Should Students Work While Enrolled in School? (2023)

In today's educational landscape, the question of whether students should work while enrolled in school has become a topic of debate. On one hand, economic theory suggests that working alongside academic study could smooth the transition from school to work. On the other hand, work could potentially detract from study time and harm academic outcomes. To shed light on this issue, we will explore the effects of working while in school on labor and education outcomes, drawing insights from a recent study conducted in Uruguay [[SOURCE 1]].

Effects on Labor Outcomes

The study examined the impact of a work-study program offered by lottery in Uruguay. The program targeted students aged 16 to 20, offering them a part-time job in state-owned companies. The results showed that during the year of the program, earnings of treated participants more than doubled compared to the control group. Although participants were not allowed to keep their jobs in program firms after the program ended, their average earnings soon converged to that of the control group in the following year. However, the earnings effect of the program became statistically significant two years after its completion and continued to grow over time. On average, the program participants earned $285 more than comparable youth in the control group, representing a 9% increase in earnings [[SOURCE 1]].

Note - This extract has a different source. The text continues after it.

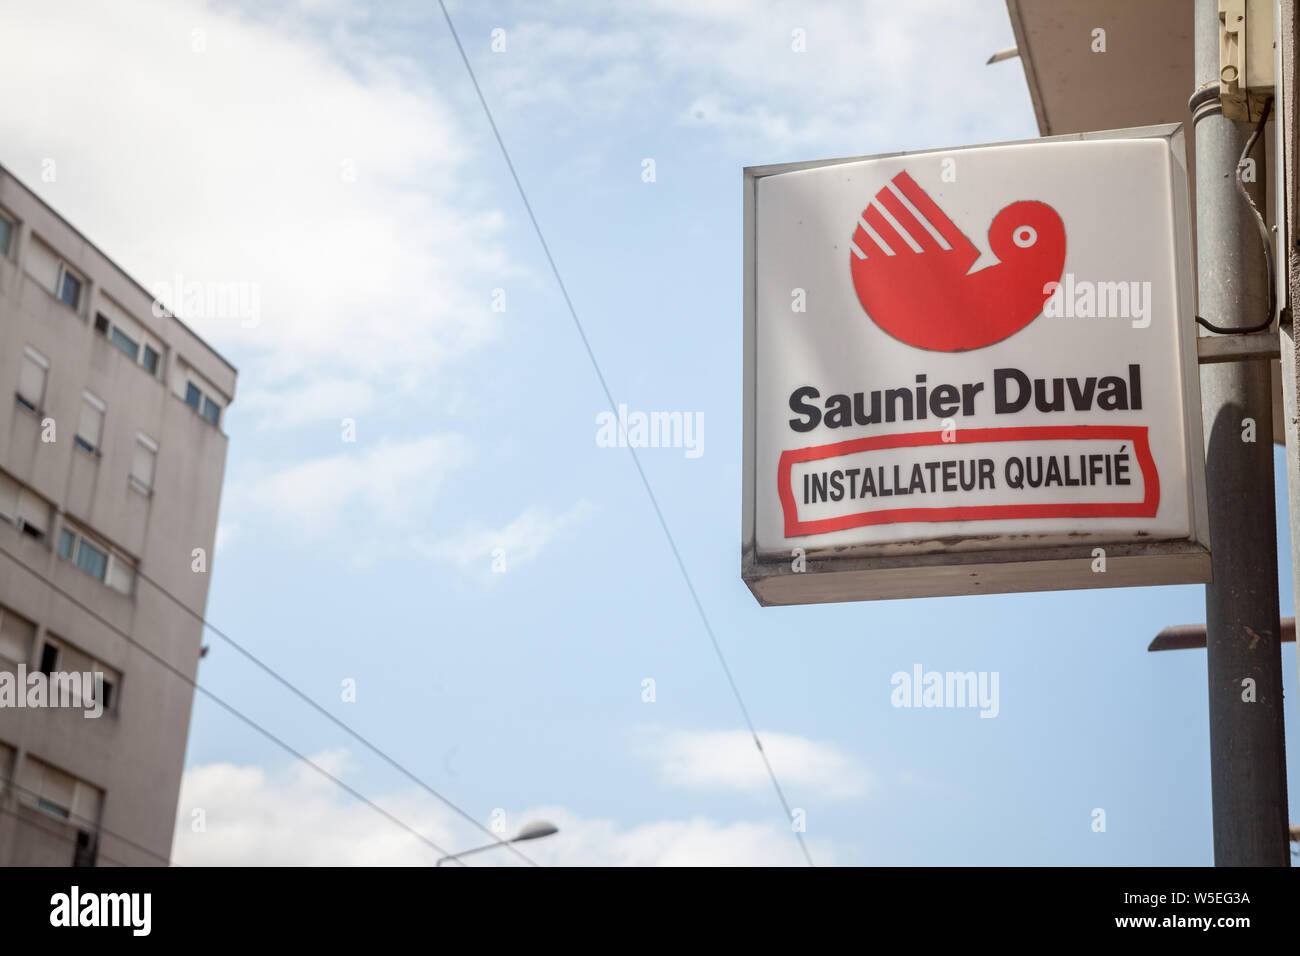 Lione, Francia - 15 luglio 2019: Saunier Duval logo nella parte anteriore del loro rivenditore locale e tecnico. Saunier Duval è un marchio francese di acqua e riscaldamento Foto Stock

Effects on Education Outcomes

While the work-study program provided participants with valuable work experience, it also had positive effects on their education outcomes. During the program year, the program conditionality on enrollment led to a 12-percentage-point increase in school retention compared to the control group. Even after the program ended and the enrollment requirement was no longer in effect, the post-program enrollment rates remained higher within the treatment group. Over the two years following the program, the enrollment rate of treated youth was between two and three percentage points higher than the control group's enrollment rate of 56%. This suggests that working while in education does not crowd out future school investment but instead provides evidence for "crowding in" [[SOURCE 1]].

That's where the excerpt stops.